Friday, May 2, 2014

The pea caught me by surprise -- Vis, Croatia

This week has been easy-going, but terribly time consuming. Teaching four classes a day, socializing with guests, helping out with meals and going on excursions has left me very little space for me. 

During the rare moments I'm not occupied with the above, I'm researching routines, brushing up on my sanskrit or reading through my guided meditations book. 

I wish I had the time to be writing my own meditations. 

It's been nearly two weeks since my last morning walk. For the second retreat, I taught yoga at six every morning, guided meditation at seven fifteen and begrudgingly took Domagoj's class at eight thirty. In the afternoon, would teach yoga at three, take yoga at four fifteen and lead meditation at six pm.

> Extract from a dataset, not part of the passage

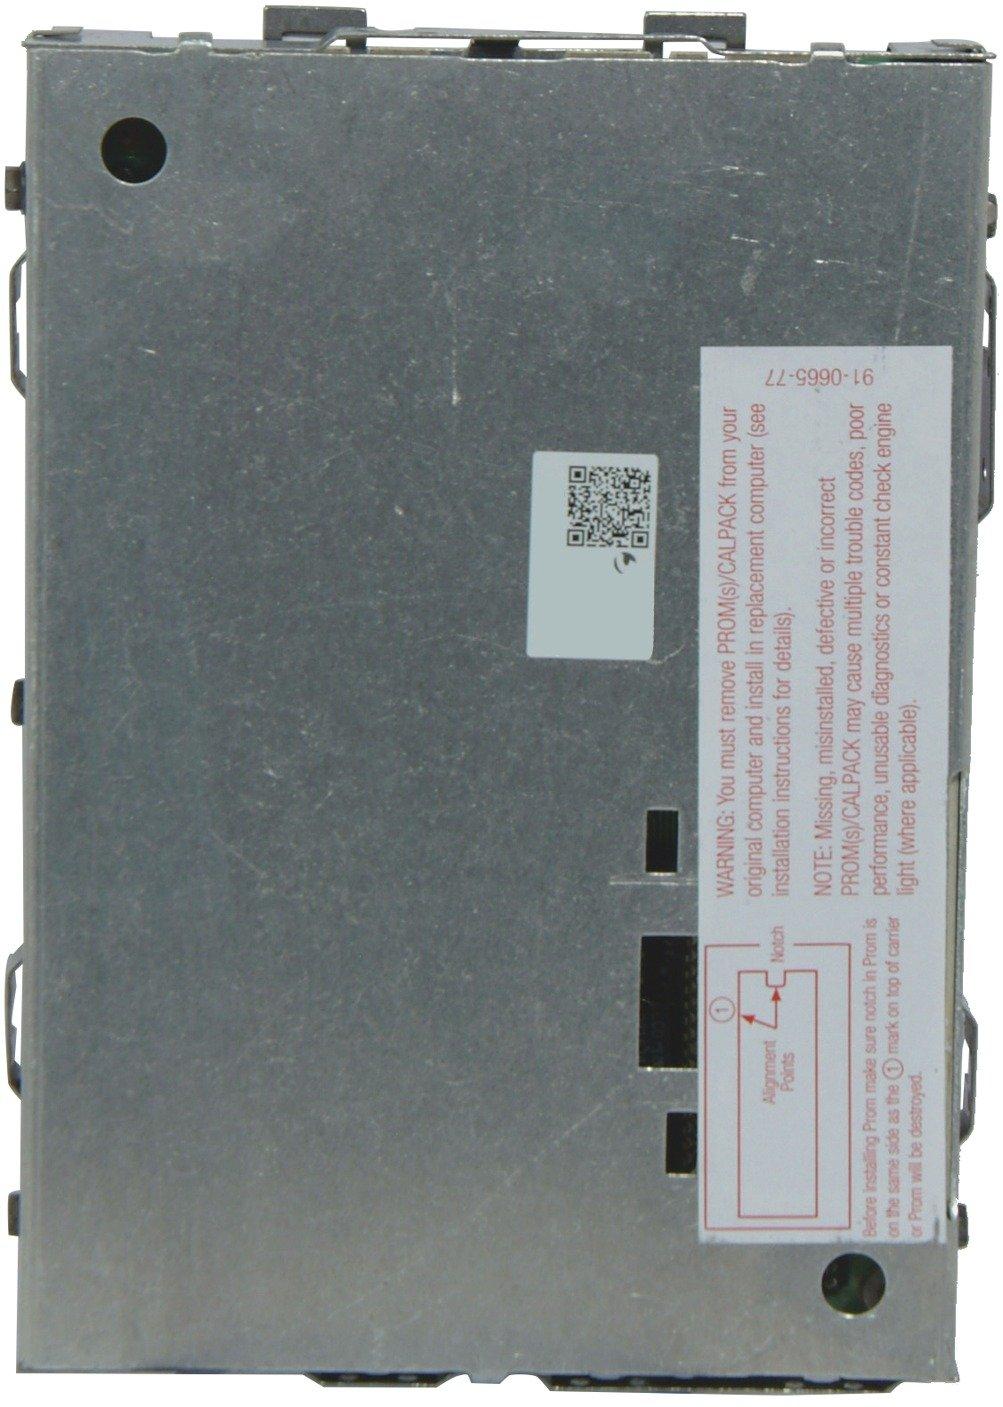 Cardone 77-4810 Remanufactured General Motors Computer A1 Cardone A1  77-4810

I had very little time to myself.

This retreat, I teach meditation at seven fifteen and then yoga at eight thirty. Mornings are taken up by things I absolutely love, but mornings (while traveling, anyway) have generally been my time for me.

Because no one else likes mornings the way I do.

I've lost my mornings --

-- and I miss them.

This week has absolutely flown by.

"Can you believe it's already Friday?" I ask Jurate.

"No," Jurate confirms. "Where has the week gone?"

 I've been moving far too quickly.

And I don't like it.

No walking barefoot. No time to feel the ground.

I wonder how many bumblebees I've squashed. 

I'm beginning to notice that the only times wherein I'm truly unhappy are the times wherein I'm moving too quickly. 

Too mindlessly.

Too linearly.

I had a few precious moments yesterday afternoon to gather a bouquet of wildflowers.

Complete with butterfly and wild pea.

But I didn't have time to watch the butterfly.

And the pea caught me by surprise.

How did that little guy get there?














Today is the last day of the third retreat. I will spend week four with Milda and Mario and Jurate (sweet, beautiful girl) in Split.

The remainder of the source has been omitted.